Federal Minister of Environment
- In office July 2003 – June 2005
- Preceded by: Hassan Adamu
- Succeeded by: Iyorchia Ayu

Military Administrator of Nasarawa State
- In office 6 August 1998 – 29 May 1999
- Preceded by: Abdullahi Ibrahim
- Succeeded by: Abdullahi Adamu

Personal details
- Born: 1958 (age 67–68)

Military service
- Allegiance: Nigeria
- Branch: Nigerian Army

= Bala Mande =

Nigerian soldier and politician

Colonel Bala Mohammed Mande is a former Military Administrator of Nasarawa State. He was later appointed Minister of Environment in the Cabinet of President Olusegun Obasanjo.

==Early career==
Bala Mande hails from Zamfara State. He was appointed Military Administrator of Nasarawa State from June 1998 to May 1999 during the transitional regime of General Abdulsalami Abubakar, handing over to the elected Governor Abdullahi Adamu on the return to democracy. He was a harsh critic of governor Ahmad Rufai Sani for his implementation of Sharia law in the 2000–2003 period, which he felt was being used to punish political opponents, with the spoils going to Sani's ANPP supporters. He was the People's Democratic Party candidate for governorship of Zamfara State in 2003, but lost to the incumbent Ahmad Sani of the All Nigeria People's Party (ANPP).

==Minister of Environment==
Mande was appointed Minister of the Environment in the Cabinet of President Olusegun Obasanjo in July 2003, holding office until June 2005. In September 2003, he signed an agreement with Cameroon's Minister of Environment and Forestry Chief Tanyi-Mbianyor Clarkson for a transboundary protected area combining the Takamanda and Okwangwo reserves to protect the Cross River gorilla, the world's rarest subspecies of gorilla with only 280 individuals throughout its entire range.

In October 2003, he proposed a national conference on the environment as the only solution to the desperate and varied environmental degradation which were compounded by years of neglect. The same month, he said the Lake Chad River Basin Commission would be rejuvenated to tackle the environmental problems of that region. The federal government would return the Chad Basin area to its past glory when it offered water for agricultural activities, as well as supporting tourism. He said his ministry would provide all the technical experts the commission might require executing the commission's projects. He announced approval by UN's Global Environment Fund (GEF) World Bank of a $10 million developmental fund.

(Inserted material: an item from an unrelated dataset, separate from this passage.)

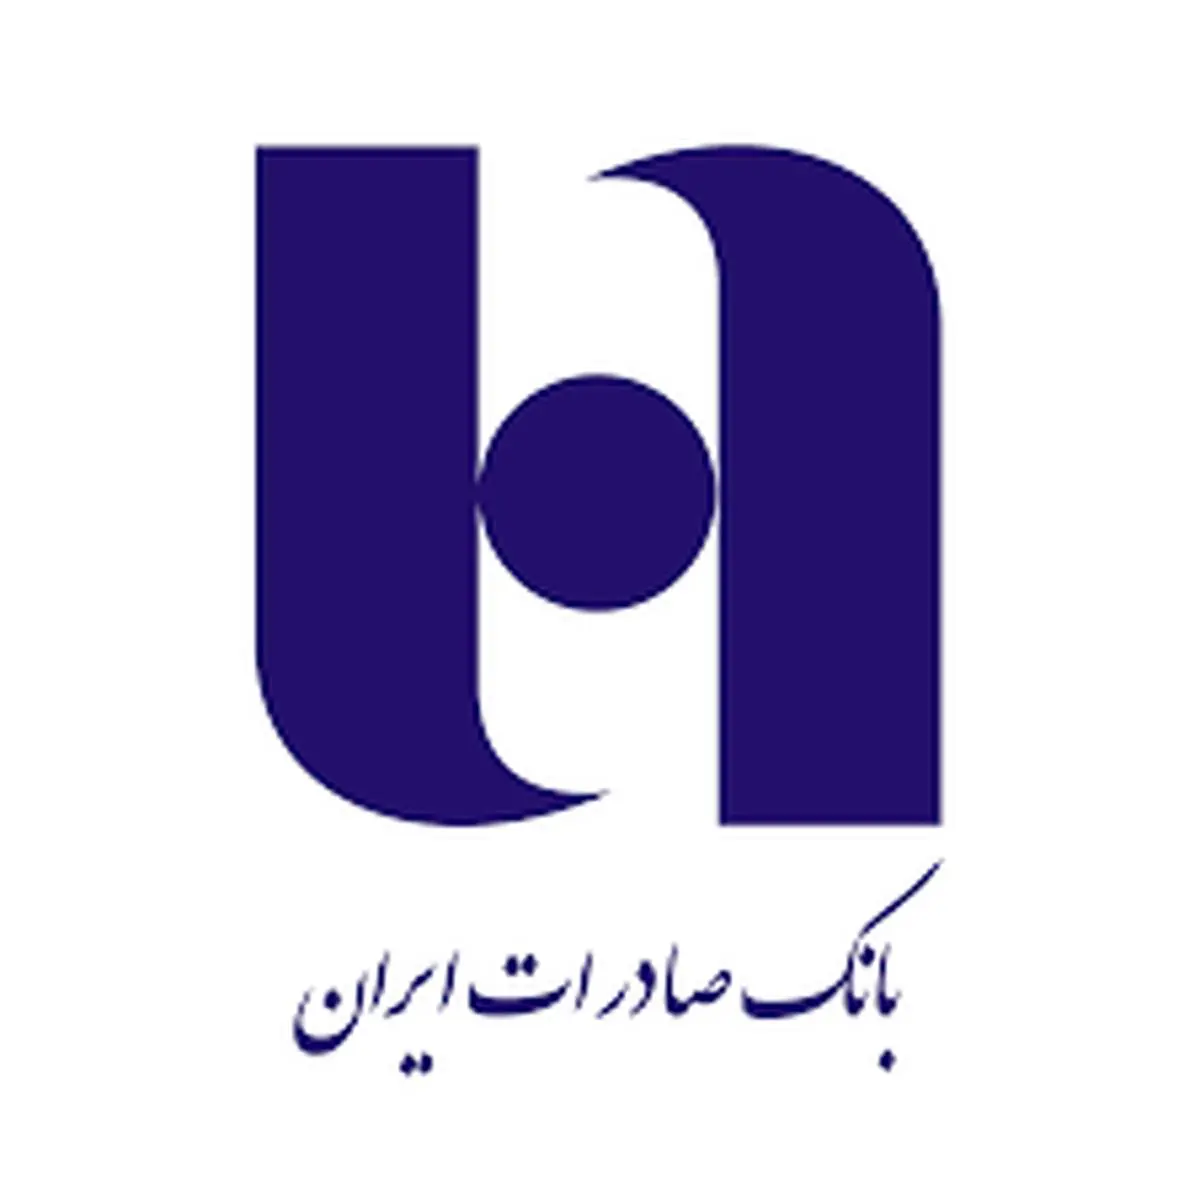 شروع احراز هویت الکترونیک در کارگزاری بانک صادرات ایران

In Autumn 2003, Mande said the British American Tobacco Nigeria Foundation had collaborated with the Ministry "in the quest for sustainable management and conservation of our forest resources". The foundation had committed to provide 100,000 seedlings annually in a national tree planting exercise, and to provide materials and technical support to ensure best practices in environmental protection.

==Later career==
Mande failed to secure PDP's governorship nomination for Zamfara in the 2007 elections, but was appointed one of the campaign coordinators for the Umaru Yar'Adua/Goodluck Jonathan ticket. In February 2010, as National Secretary of the Northern Union (NU), Mande declared that the union had never at any point in time advised ailing President Umaru Yar'Adua to hang on to power, even from a wheelchair.